===== DATA =====

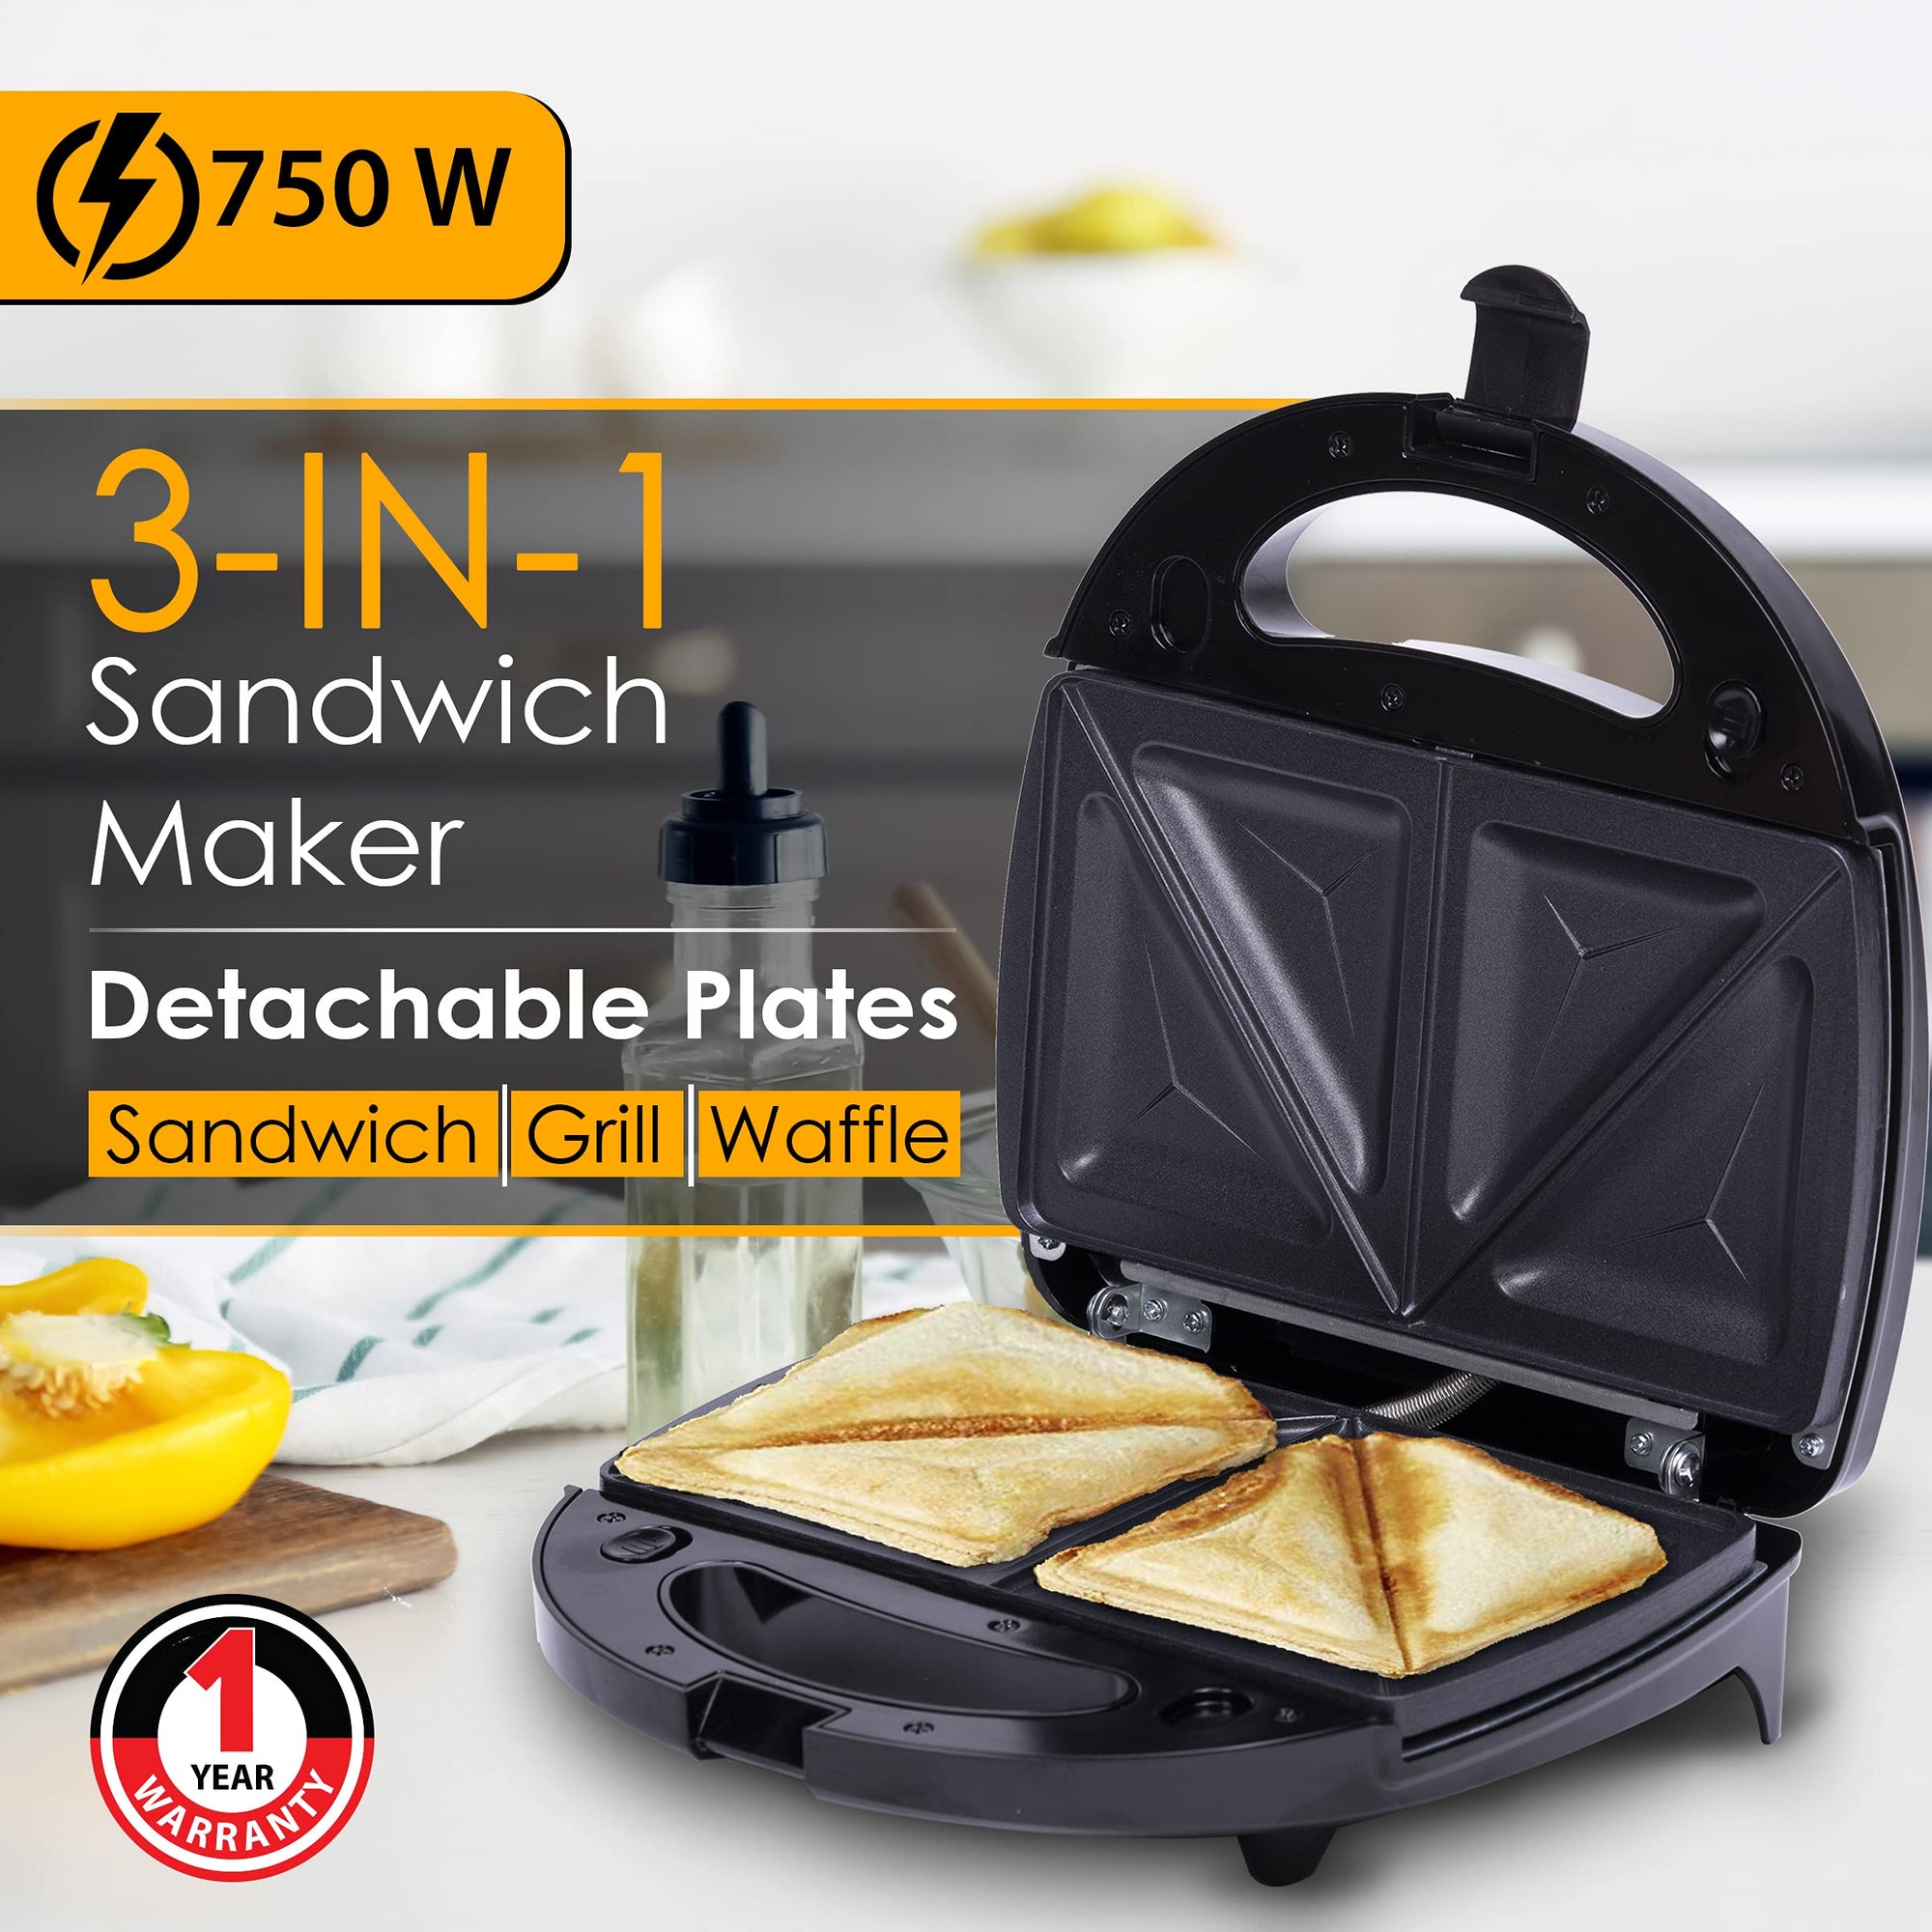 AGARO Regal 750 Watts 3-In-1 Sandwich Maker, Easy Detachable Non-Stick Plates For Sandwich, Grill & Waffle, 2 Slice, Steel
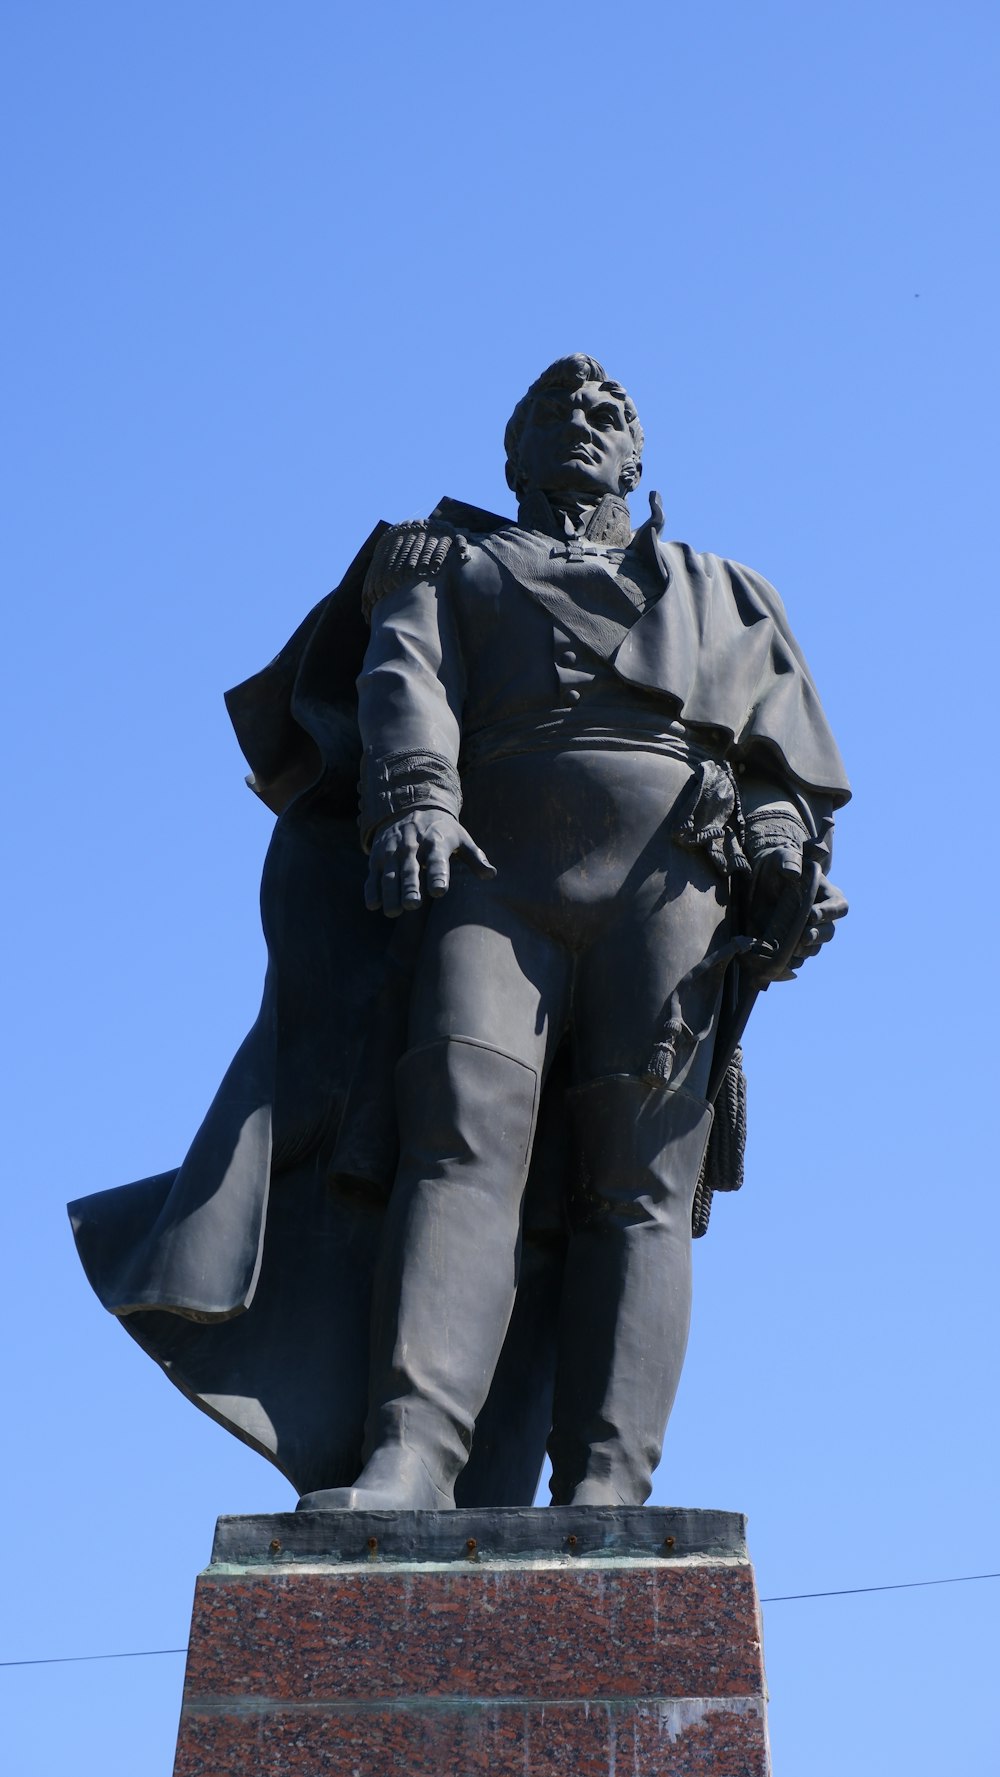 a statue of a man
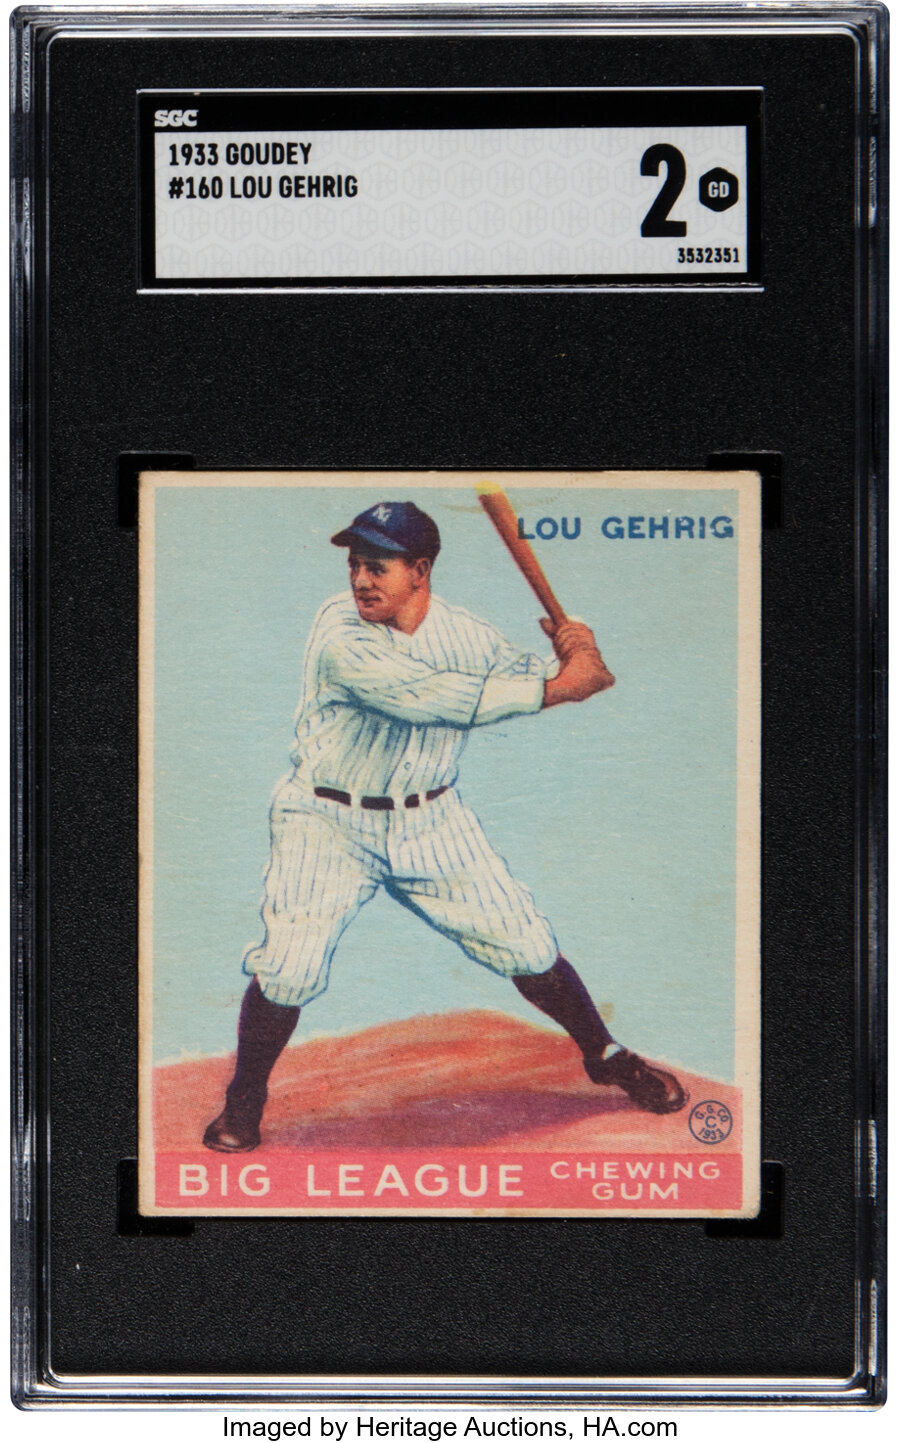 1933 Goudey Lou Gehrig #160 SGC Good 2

=====

## EXERCISE GOAL
Everything in the material above is to be reproduced exactly, pictures aside.

## WRITTEN SOLUTION
 AGARO Regal 750 Watts 3-In-1 Sandwich Maker, Easy Detachable Non-Stick Plates For Sandwich, Grill & Waffle, 2 Slice, Steel
 a statue of a man
 1933 Goudey Lou Gehrig #160 SGC Good 2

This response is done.